Cloud Native Core: CUDA Validator Container Fails

I’m trying to install Cloud Native Core v6.2 on an Ubuntu box running 20.04.3 LTS with an RTX 3060Ti. The installed NVIDIA GPU driver version is 470.86. CUDA version is 11.4. Container toolkit looks to be 1.10.0.

I’ve made use of the available Ansible playbook, leaving the default values in place apart from the hosts file, as instructed.

I can see the Kubenertes pods come up, except for a few, the most concerning of which is the CUDA validator pod.

I managed to get this out of the logs:

Failed to allocate device vector A (error code forward compatibility was attempted on non supported HW)!
[Vector addition of 50000 elements]

I’m not sure if there’s a version mismatch somewhere, but as I ran an NVIDIA Cloud Native Core Ansible playbook, I’d expect this to be taken care of.

Can anyone help? Thanks in advance!

cloud native core is intended to be used on NVIDIA certified systems

Such systems will consist of OEM servers and other NVIDIA datacenter hardware. The RTX 3060Ti is not a datacenter GPU.

The proximal issue here is that the container you loaded (in the CUDA validator pod) is expecting a newer GPU driver than 470.86. The container had compatibility libraries to try to address this situation, but that sort of compatibility is not supported and won’t work on GeForce hardware.

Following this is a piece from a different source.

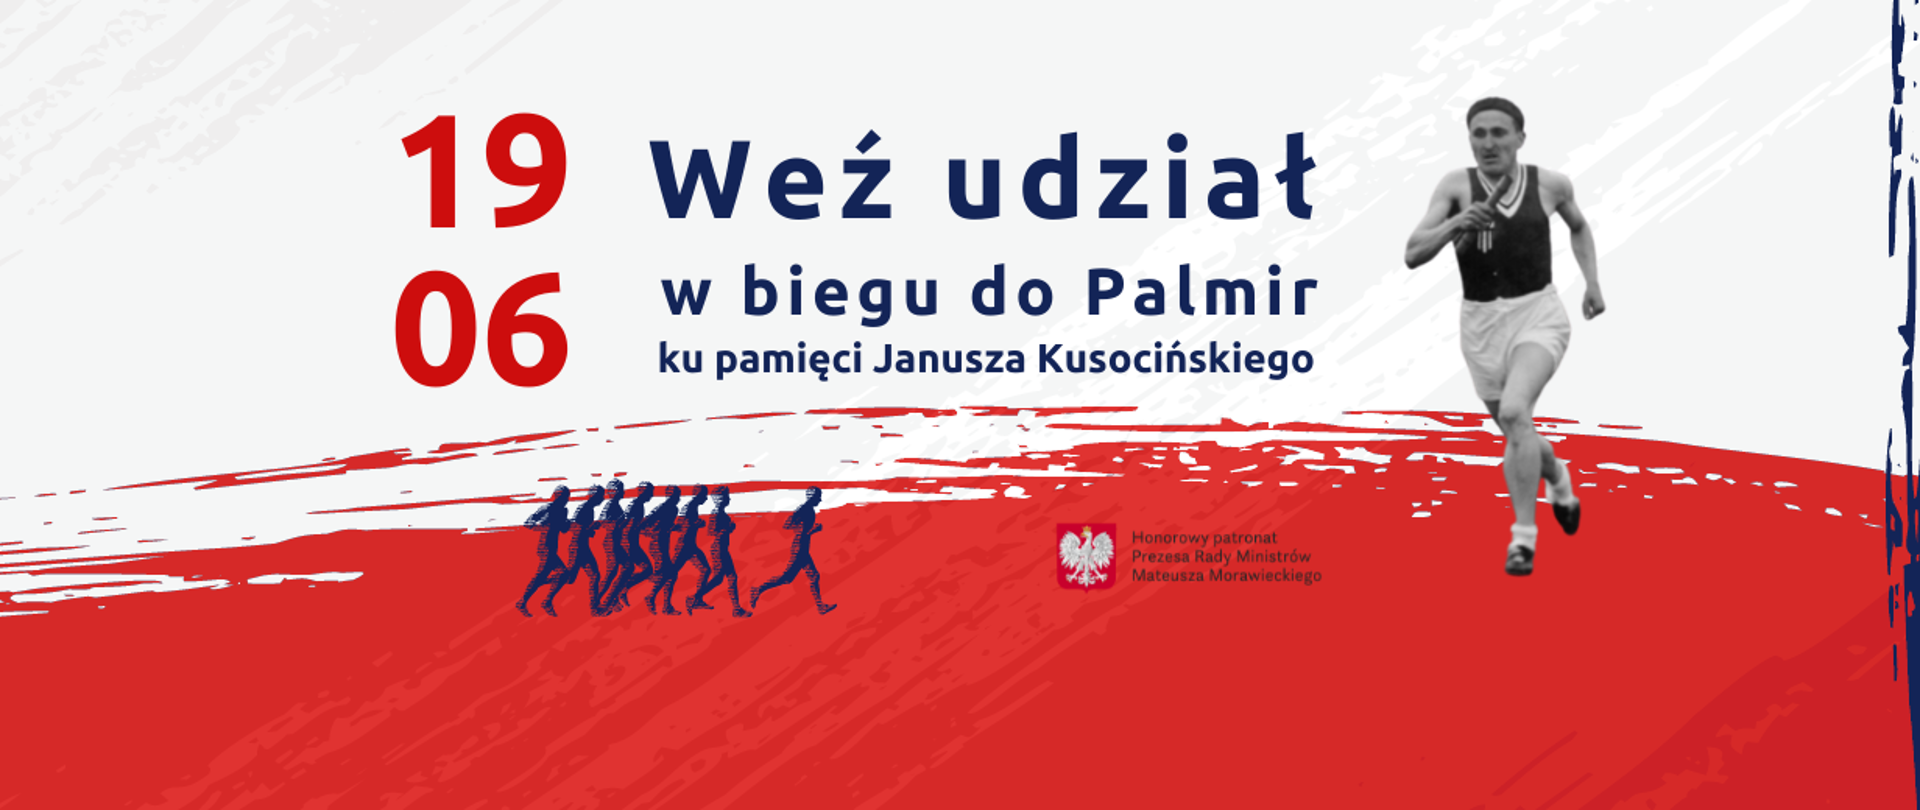 Napis na grafice: 19 czerwca, weź udział w biegu do Palmir ku pamięci Janusza Kusocińskiego, tło nawiązuje do biało-czerwonej flagi Polski. Obok napisu zdjęcie biegnącego Kusocińskiego. Na dole logo MFiPR

You might have better luck if you install the latest driver for your GPU (515.48.07 or newer, see here for 6.2) but I probably won’t be able to respond to further questions here as this is essentially an unsupported configuration.

(Yes, the GPU operator can update the GPU driver, but it is also not supported on GeForce hardware.)

Thank you kindly for the response. I will try your suggestion come Monday but do understand you’ll be unable to support further.

I can confirm that updating to the latest production-ready 515.x driver has fixed the issue. Thank you.

The only issue I have now is that the nvidia-driver-daemonset pod is stuck on Init (the nvidia-driver-ctr container seems to be stuck initializing and the logs say nothing else), but I understand that I’m on my own to figure out how to troubleshoot this.

Hopefully this thread helps someone else in the future.

Thanks again.

This topic was automatically closed 14 days after the last reply. New replies are no longer allowed.